**WHAT THE TASK REQUIRES**: Omit the pictures and return exactly the stretch of the material below from the line with "Jour apr s jour" through the line with "Sam + Jenna 4 - Bridal Portraits-92.jpg".

**GIVEN DATA**:
—————
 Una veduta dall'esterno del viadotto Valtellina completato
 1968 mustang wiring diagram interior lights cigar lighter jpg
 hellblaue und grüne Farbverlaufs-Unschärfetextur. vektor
—————
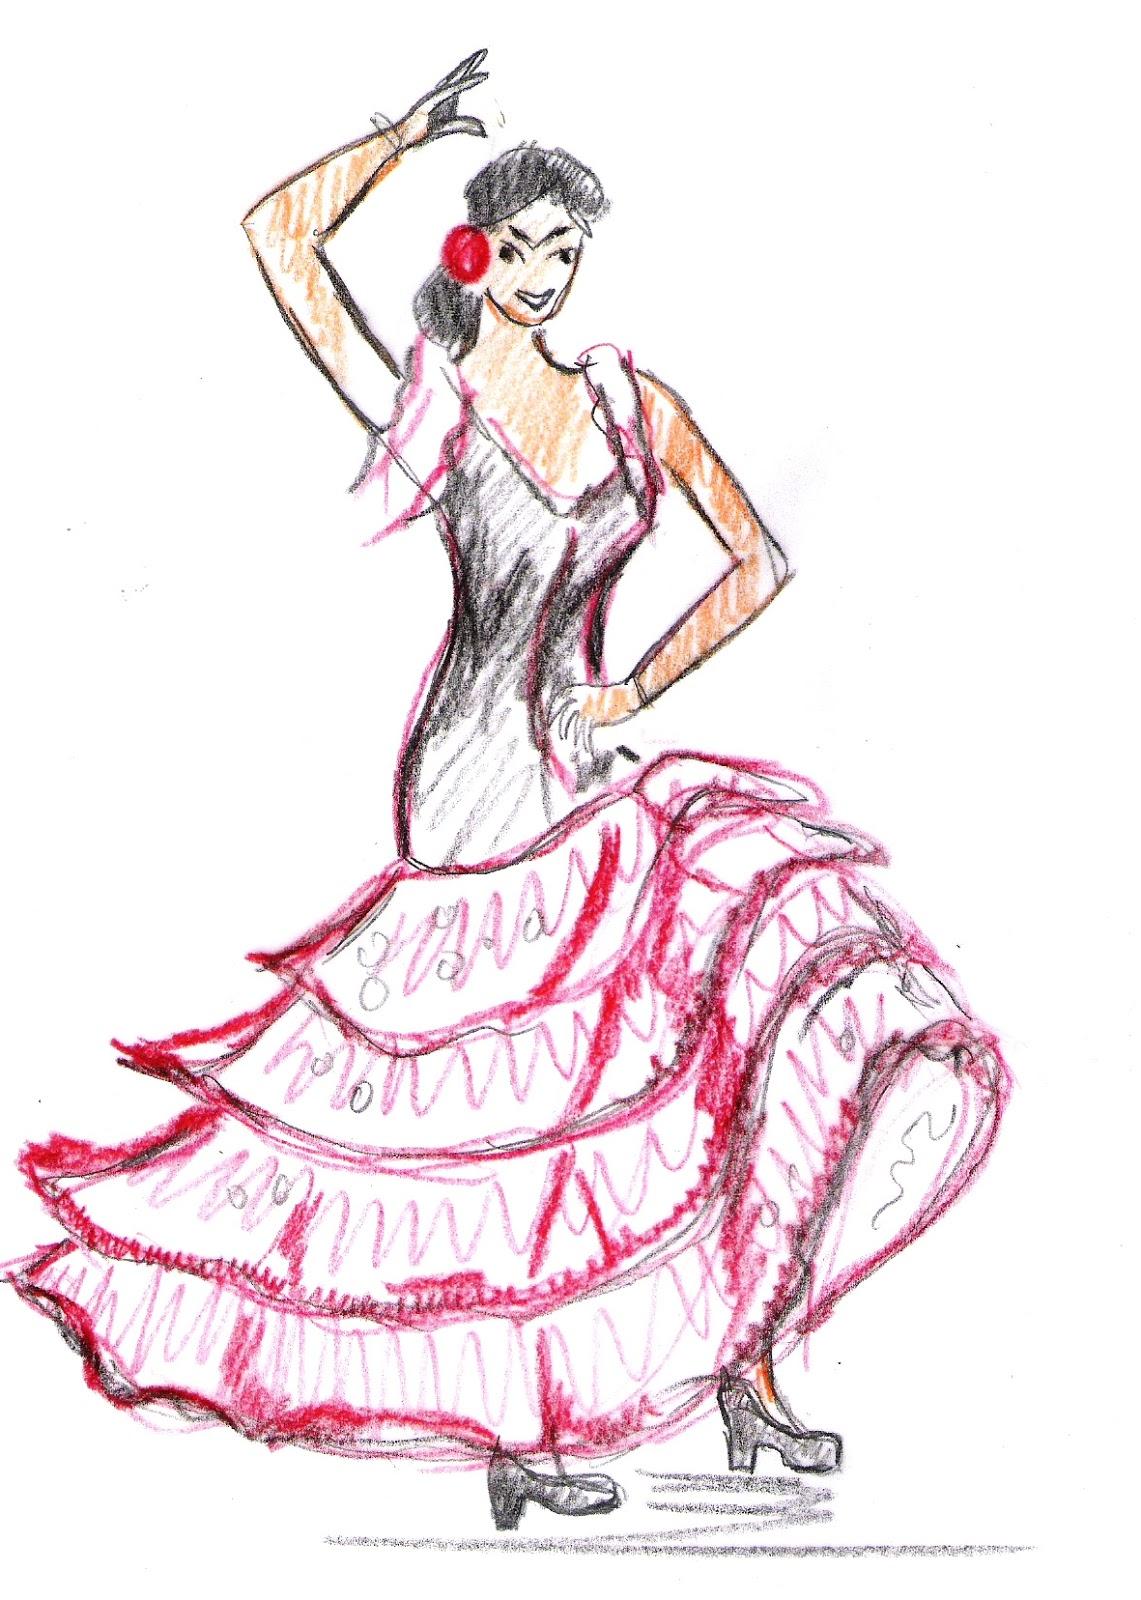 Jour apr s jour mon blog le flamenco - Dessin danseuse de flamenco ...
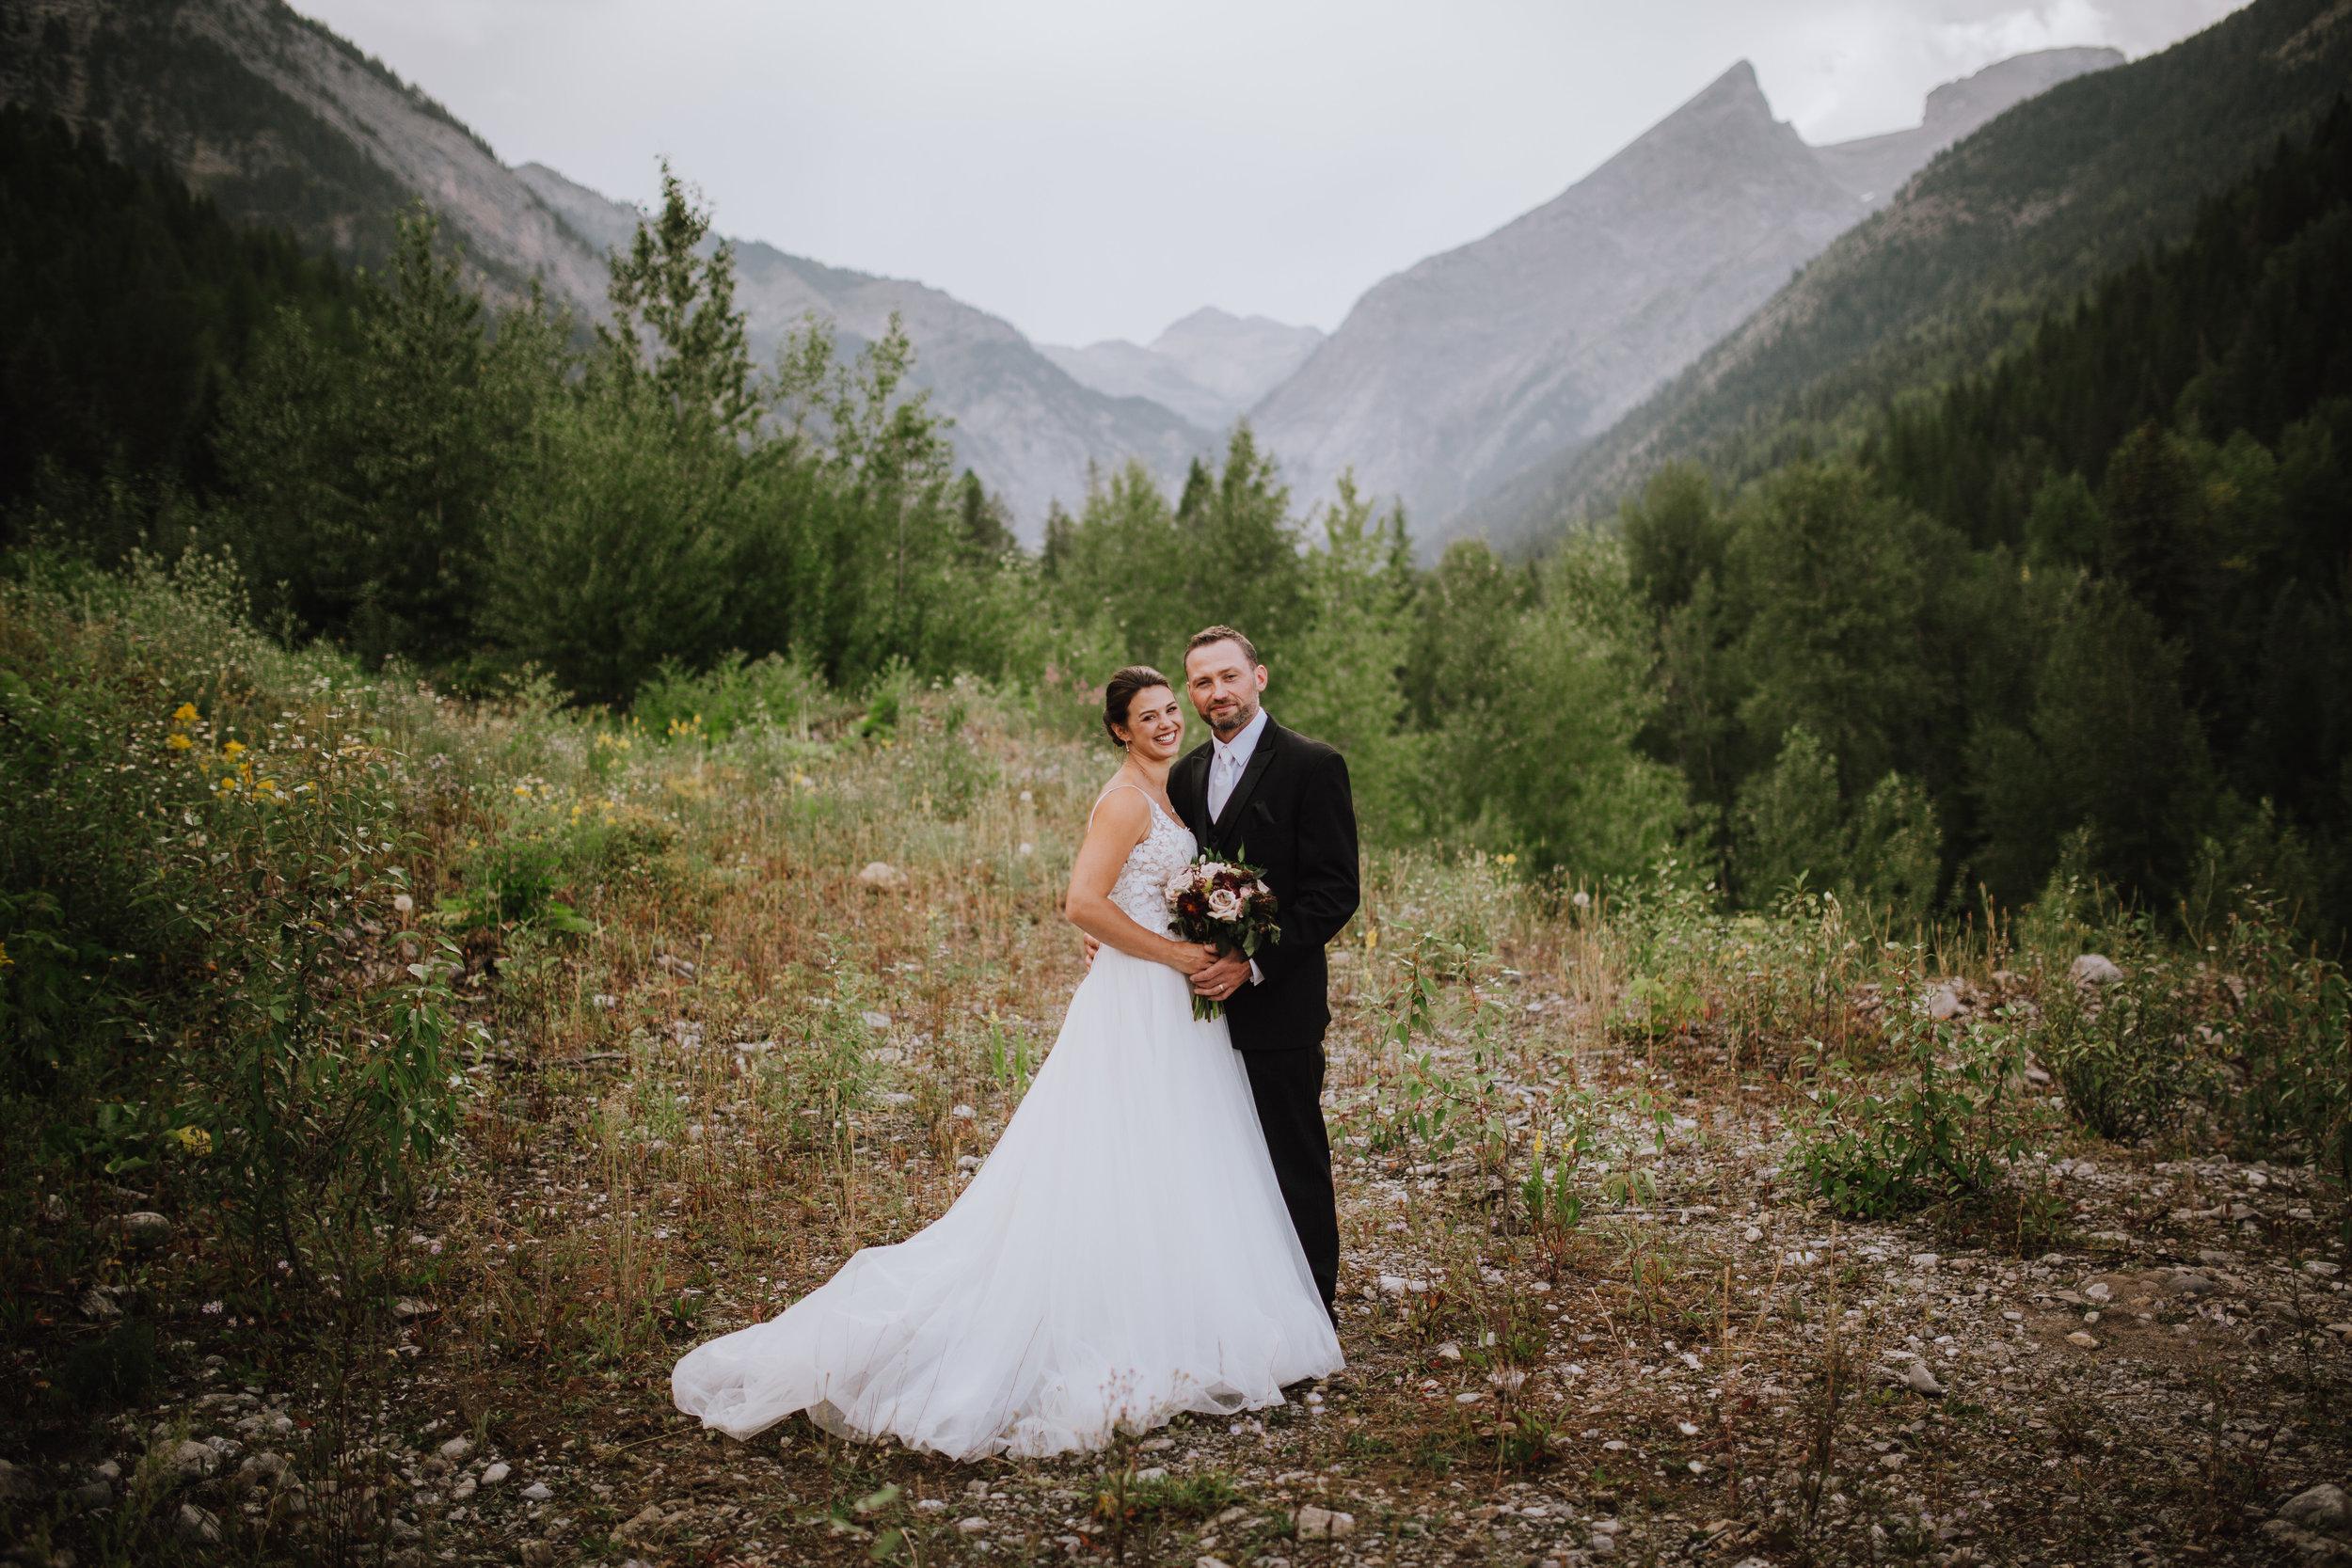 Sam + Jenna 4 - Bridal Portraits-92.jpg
—————
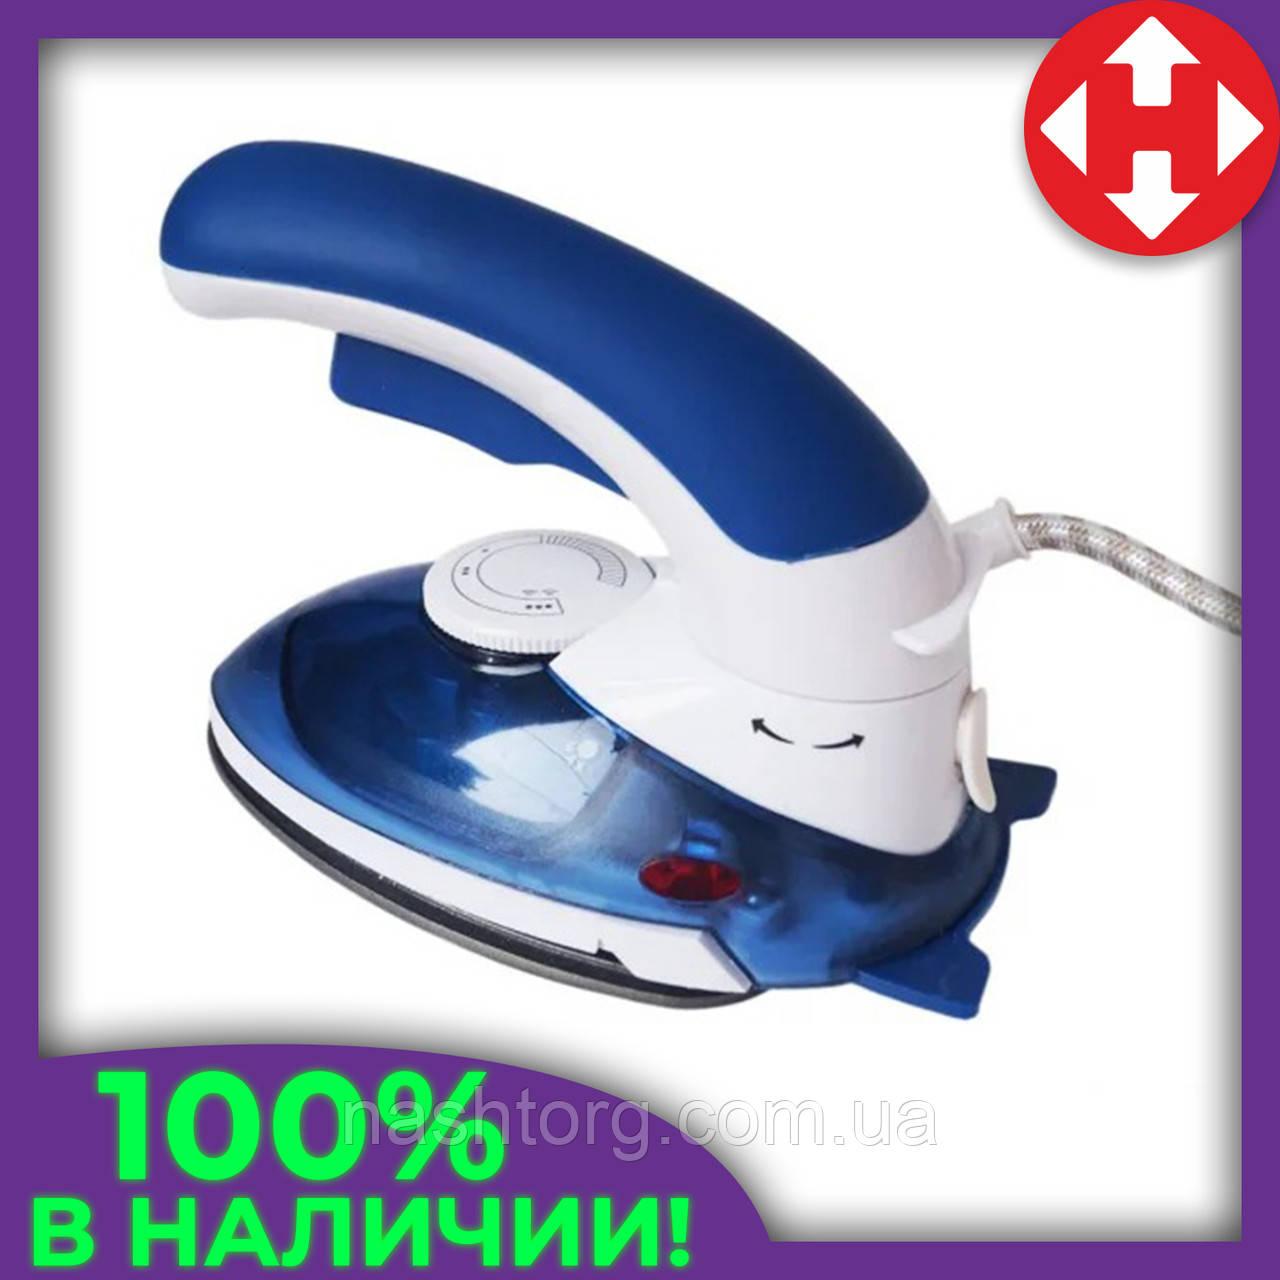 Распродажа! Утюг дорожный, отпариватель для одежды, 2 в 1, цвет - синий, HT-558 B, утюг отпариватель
—————
**ANSWER AREA**:
 Jour apr s jour mon blog le flamenco - Dessin danseuse de flamenco ...
 Sam + Jenna 4 - Bridal Portraits-92.jpg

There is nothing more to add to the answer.